While social media companies prop their products as tools for connecting people, keeping us informed and in touch with our friends, its real uses go far beyond just social. Scrolling through Facebook or Instagram’s feed, is less about facilitating social relations and more about fulfilling the human insatiable urge for information and knowledge.
In creating services and products that entice and keep people coming back to a product, many services depend on an endless stream of content. Recommender systems and algorithms become necessary to achieve this at a massive scale. You will find algorithmic curation almost wherever you look, from digital marketplaces, social media platforms, to news, dating and search engines. These systems aim to strike a balance with content you need, with what will keep you browsing, scrolling and consuming, in order to deliver ads and track your behaviour. But as Benedict Evans points out in his text The death of the newsfeed1, such curation is not necessarily born out of maximizing engagement, but is the product of the sheer amount of content uploaded on a daily basis by many individuals.
Algorithms can be gamed to achieve specific goals, as we’ve seen with both the 2016 US election and Brexit, where politicians and foreign governments used Facebook’s News Feed to propagate and spread misinformation and propaganda. The ease facilitated by targeting groups makes these channels a powerful tool. This misinformation easily snowballs, both positive and negative reactions count as engagement, allowing content to be shared and propagates across networks.
Algorithms are also optimized for this, as any sort of interaction counts towards engagement. Youtube’s recommendations are an example where you are only a few clicks away from sensational, disturbing, or bigoted content at any time. Even if you accidentally click on videos, results in you are sure to see much more of it in the future. These systems are black boxes to consumers and creators alike.

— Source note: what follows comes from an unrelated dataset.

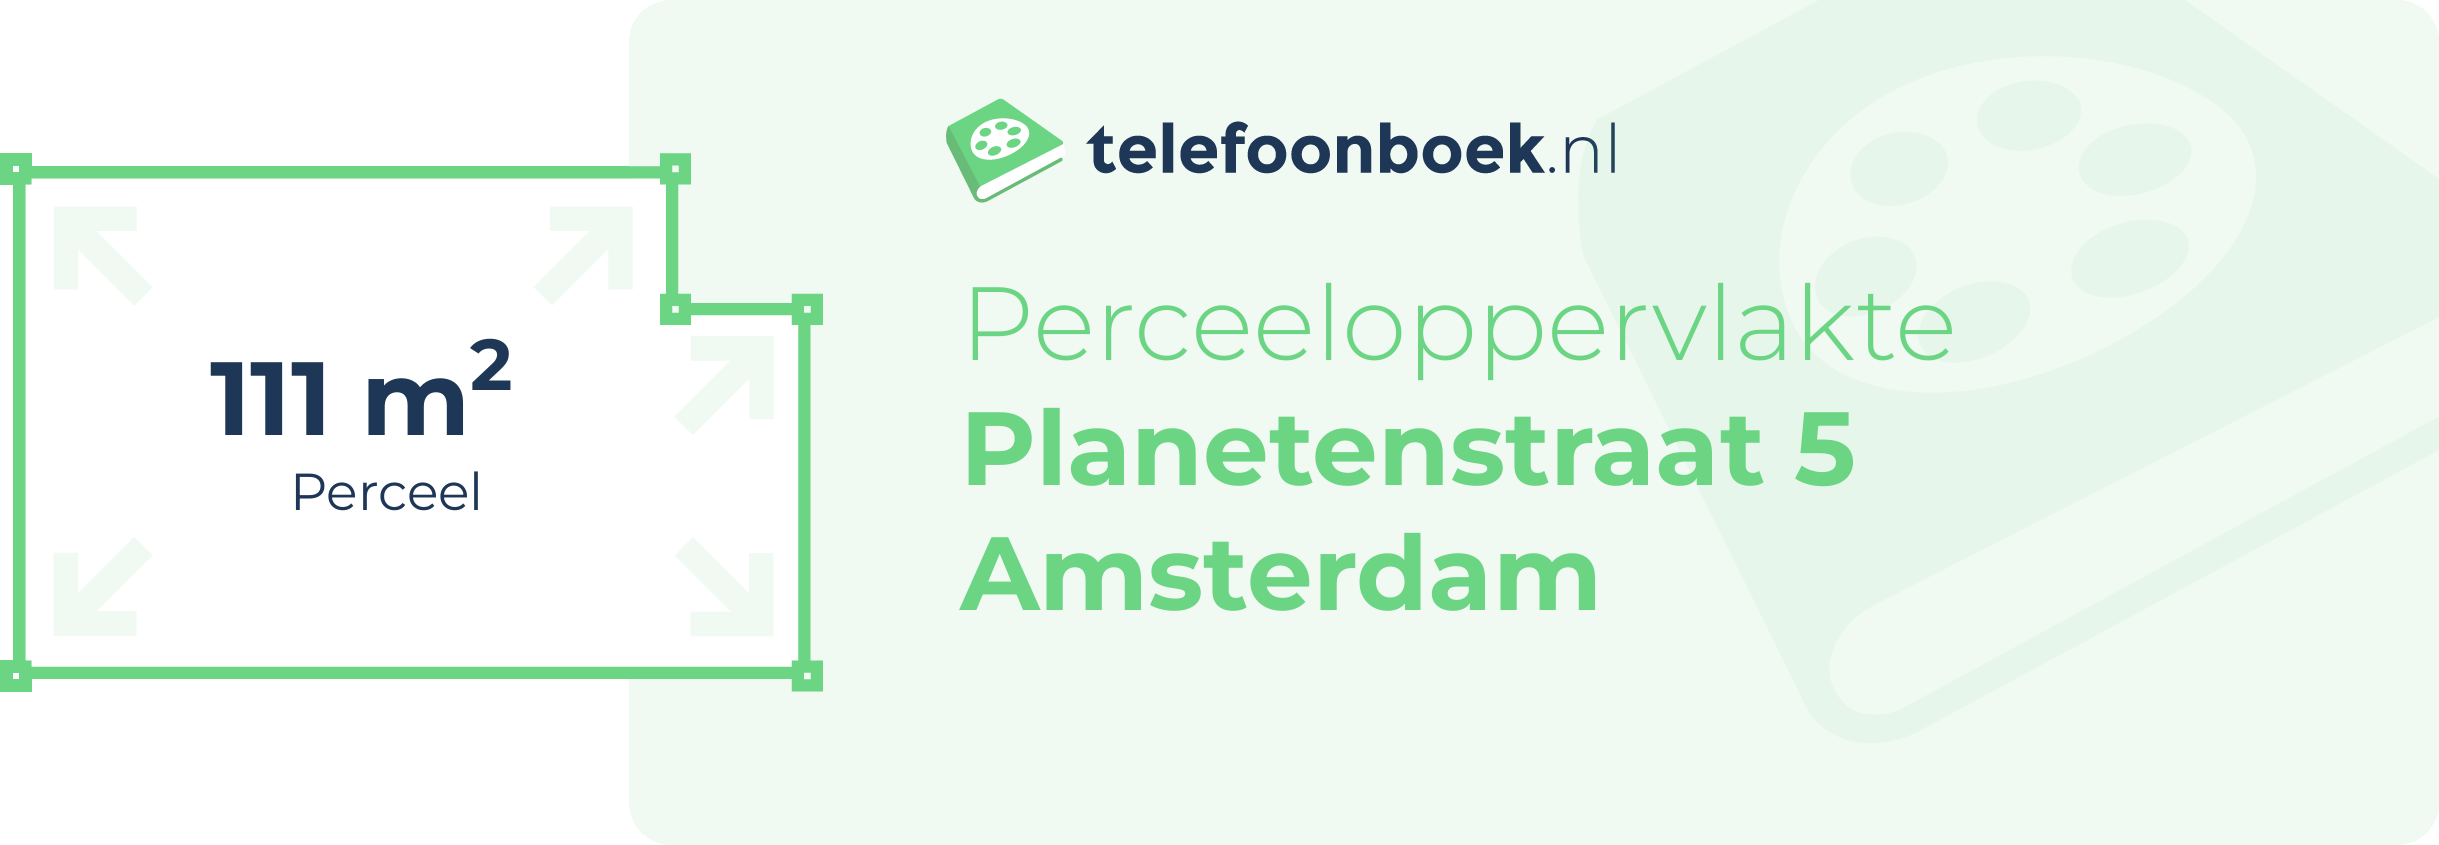 Perceeloppervlakte Planetenstraat 5 Amsterdam

Today the reality of the attention economy is so pervasive, that even faced with news and scandals of misuse and theft of our personal data, is either something we take for granted, or choose to ignore. The normalization of users exchanging data (or attention) for a dynamic of convenience may seem inconsequential on a day to day basis. But this tradeoff dynamic is a systemic issue and extends even to developers, who are incentivised to integrate cross-platform tracking technologies (such as Facebook’s like button, or Google’s search functionality) into their own products, further perpetuating and enabling its widespread use, even when interactions do not happen on the host’s platform.
Opting out from these platforms may seem like an option, but is hardly realistic. Services such as Instagram, Twitter and Facebook, have created these tangled spaces that blur the lines of what is public and private, work and personal life, even news and entertainment. As places we use to relax, study, and work, our reliance on these platforms mean opting out of one means opting out of it all. The network effect1 makes it increasingly harder to choose not to.

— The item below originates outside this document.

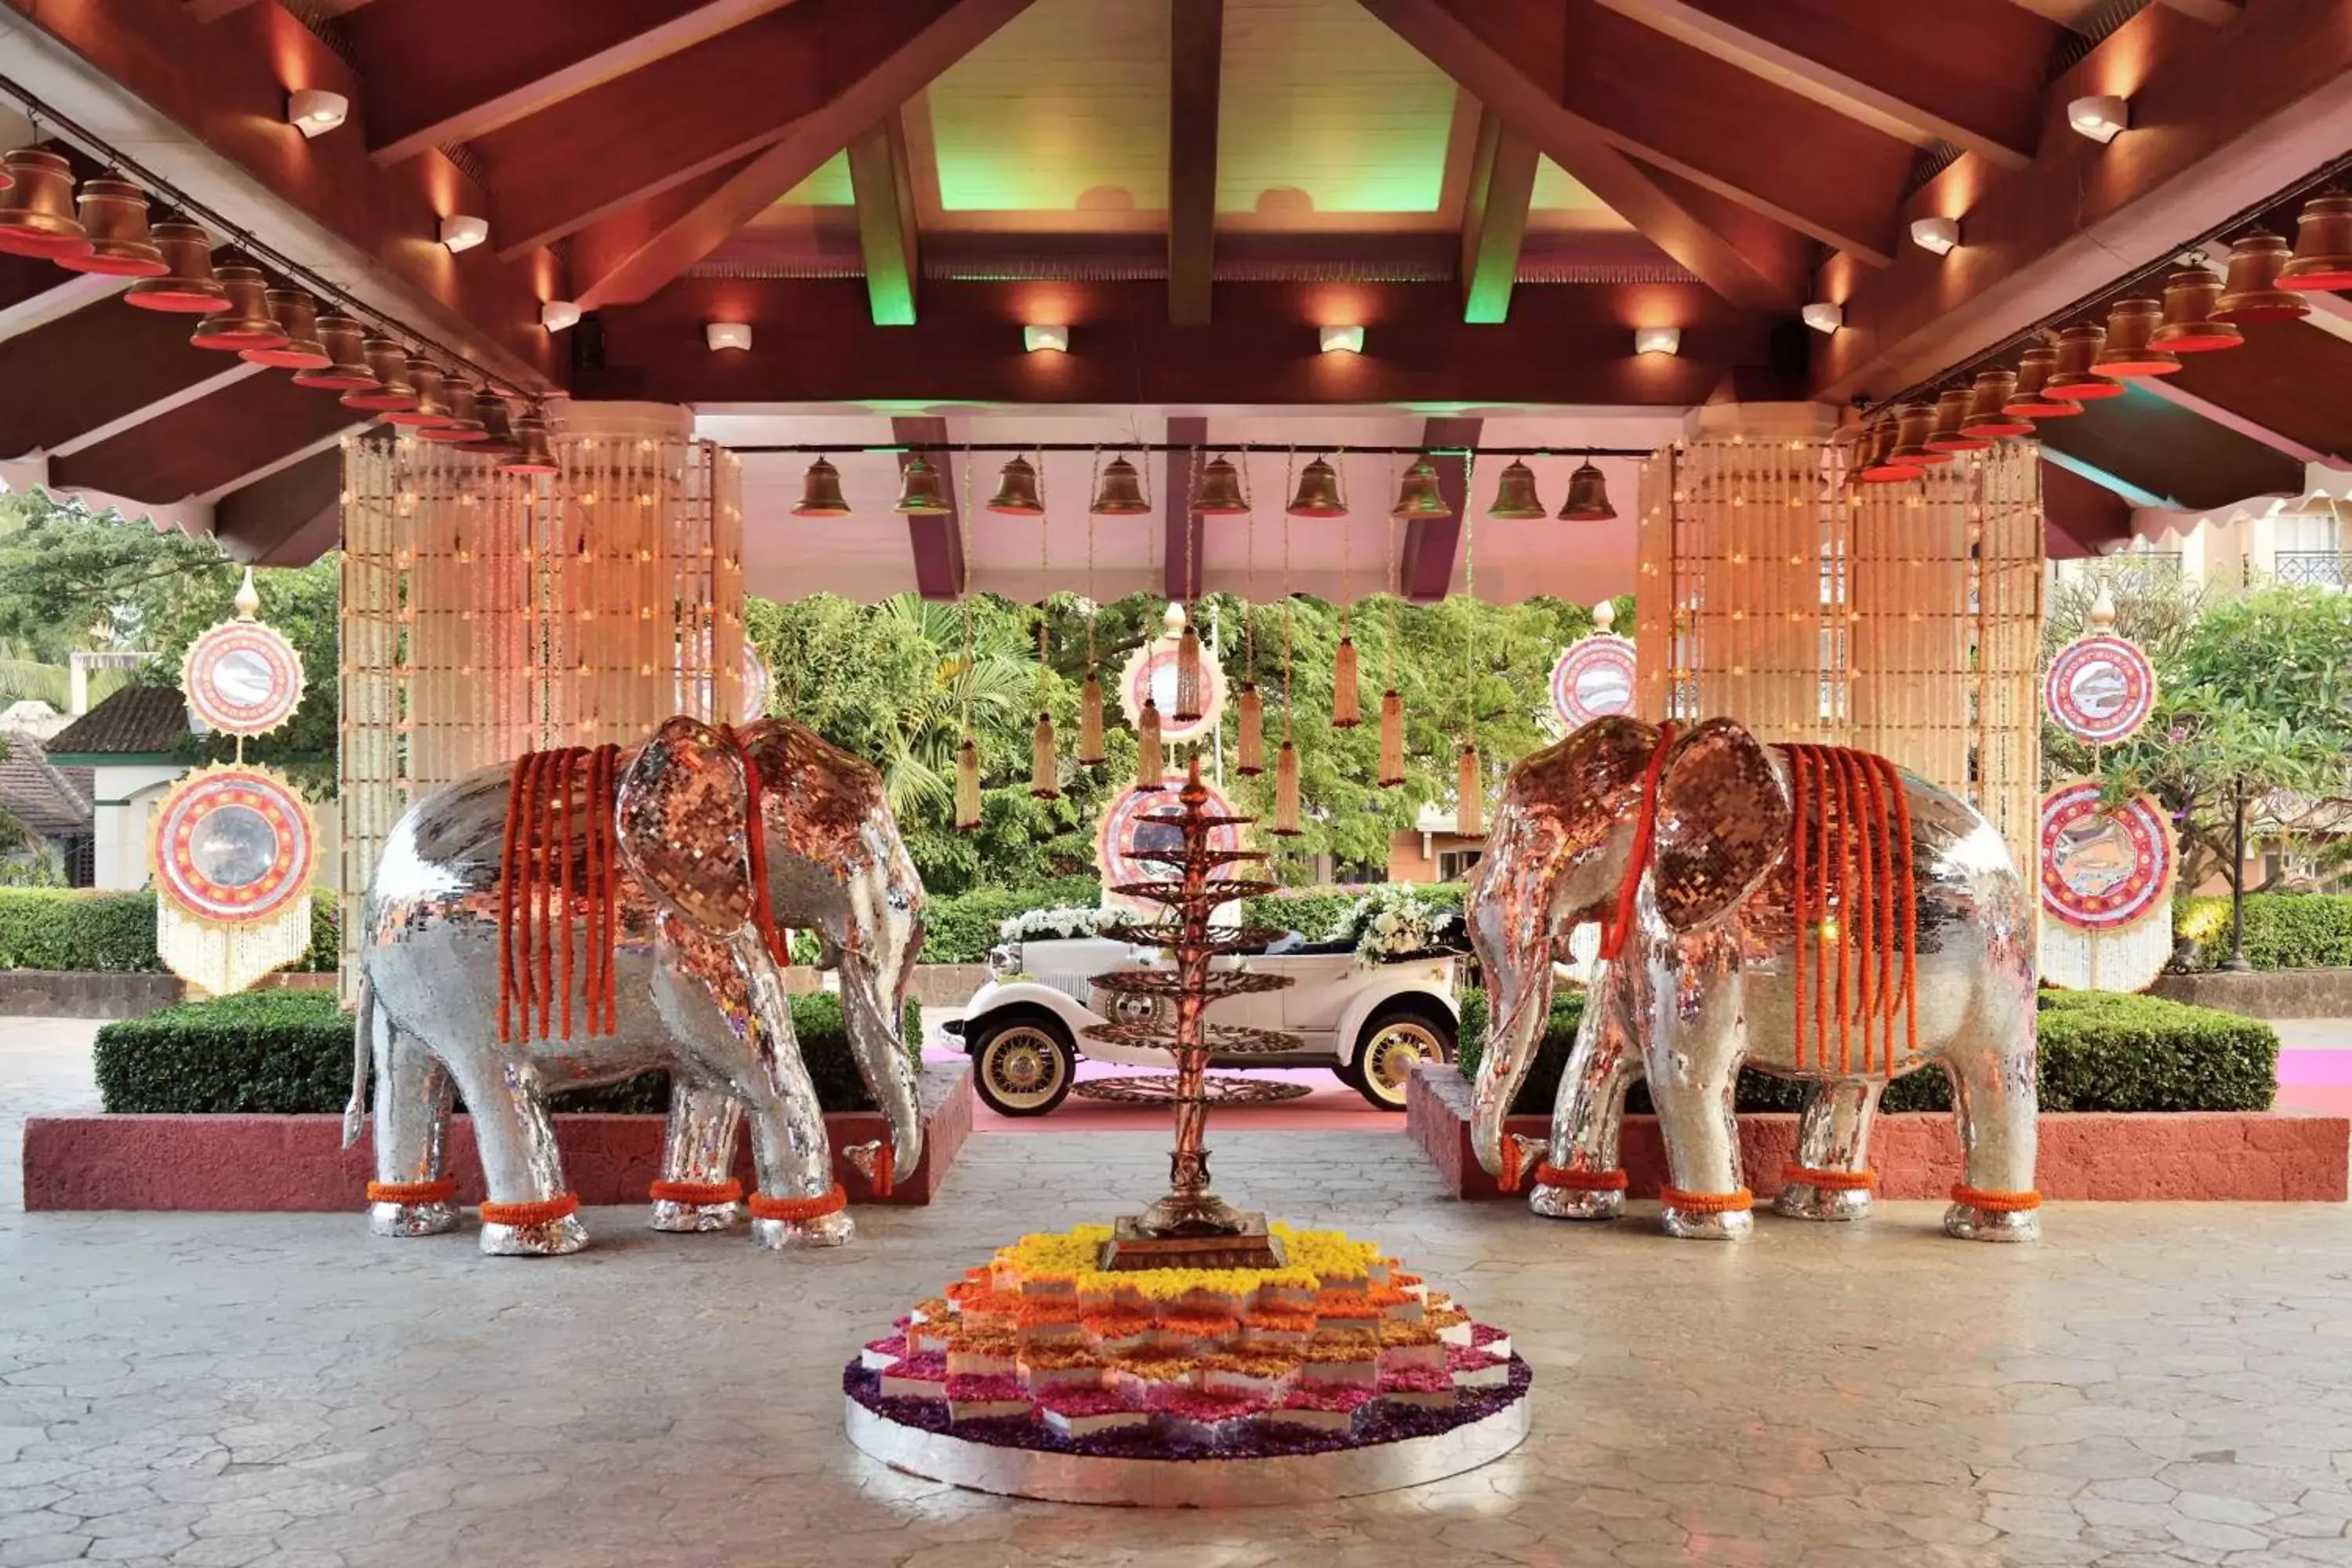 Banquet/Function facilities in Goa Marriott Resort & Spa

Furthermore, regardless of how you feel about leaving your digital social life behind, the reality is that opting out is challenging even on a practical level. As Kashmir Hill illustrated in a series of articles about trying to cut tech giants (“Big Five”) out of her online interactions, it is at times close to impossible because each company has near monopolies on their respective functions1. This dynamic extends beyond consumers to designers. As large companies increasingly provide and control the infrastructure that we have become dependent on, these power dynamics get mirrored in our profession
Reading Jenny Odells How To Do Nothing: Resisting The Attention Economy, also raises questions for me how this endless barrage of content impacts both our mental health and our perceivable world at large.
What does a web that is less focused on delivering instant gratification, less exploitative, and less attention seeking look like? How can we combat some of the dark patterns seen today? A large part of the net is either built or relies on third party software. How do we navigate this landscape, when in many cases designers only have partial control of our products?

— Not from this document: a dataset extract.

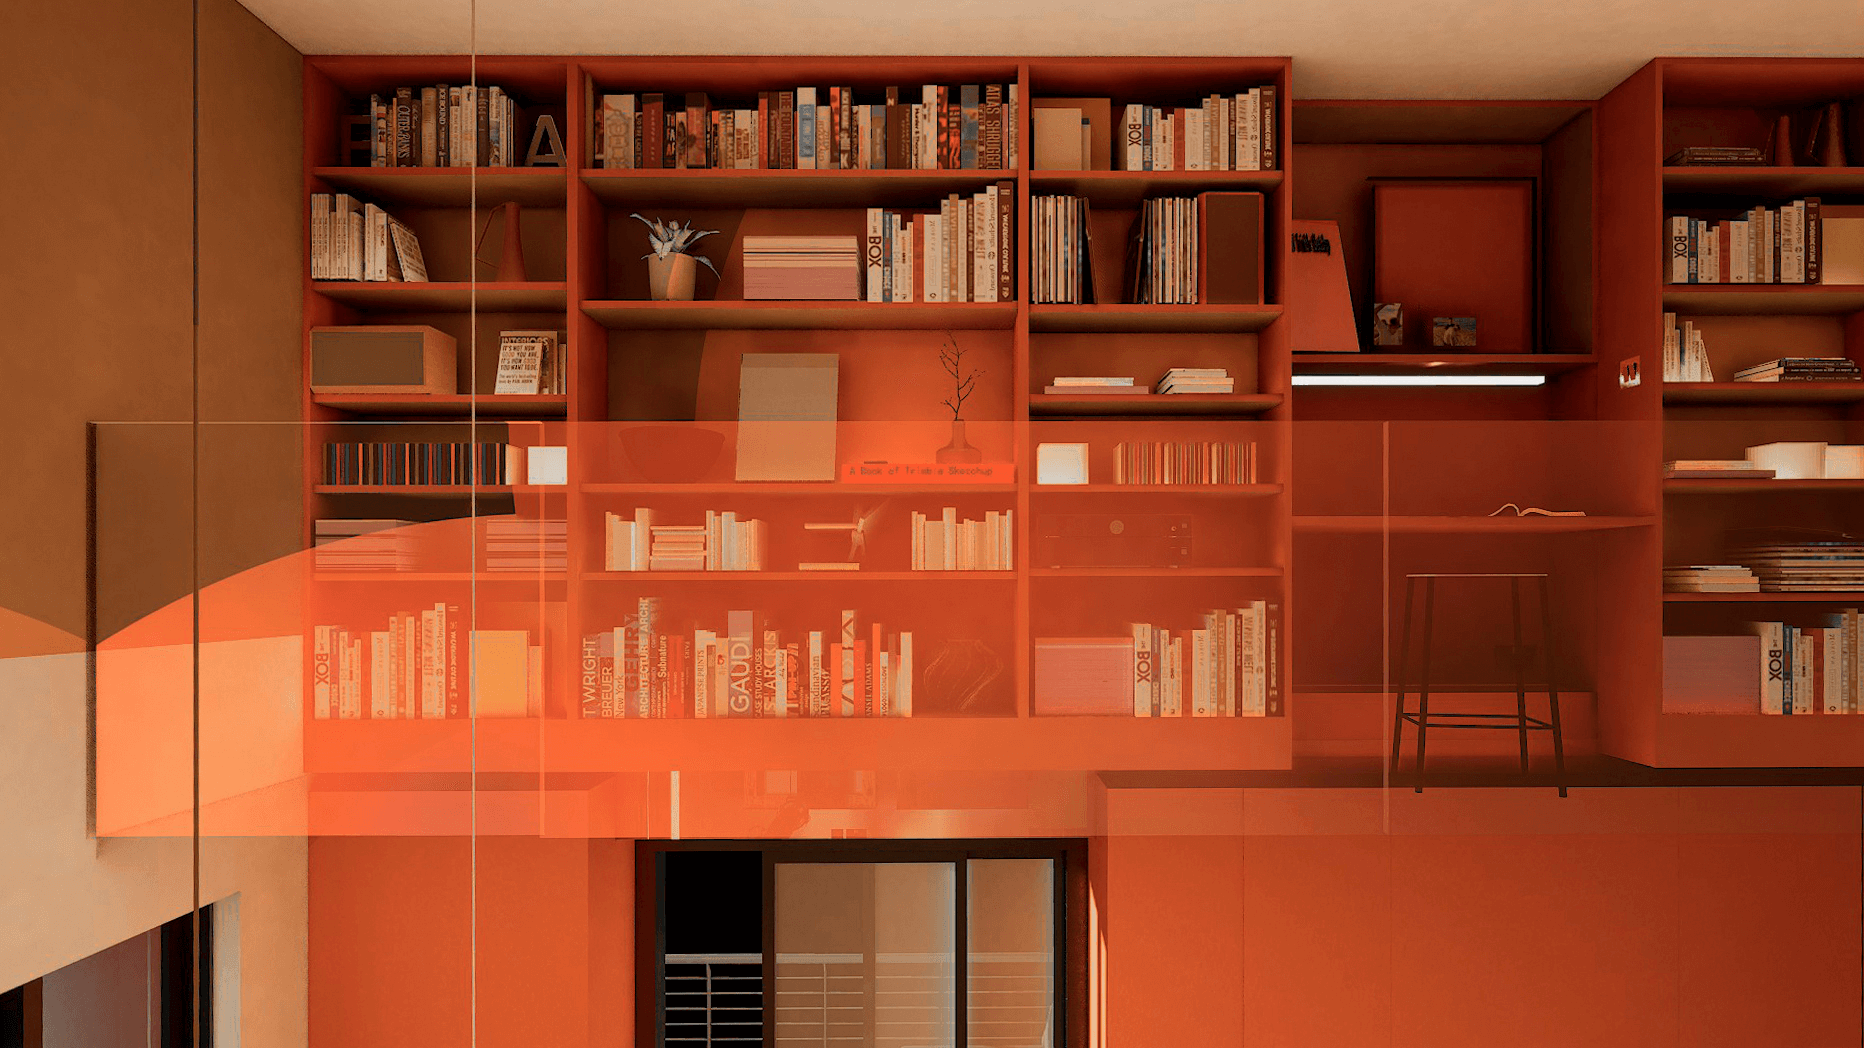 Studio Flat Bookshelves Render

From the view of a designer, focusing on the ills of the attention economy, may seem somewhat irrelevant unless we are engaged in facilitating these practices ourselves. We have little say in decisions that happen behind closed doors of big companies despite being affected by them. As public and commercial spaces move online, large corporate entities are setting the rules faster than governments can legislate. Understanding these spaces more critically may not only help us navigate their obscured complexities, but inform and inspire us to look for alternative solutions and approaches on how to design, pay for and promote our services and products online. As designers, we should ask if we want to continue perpetuating established, but imbalanced power structures, or challenge them and look for more holistic alternatives.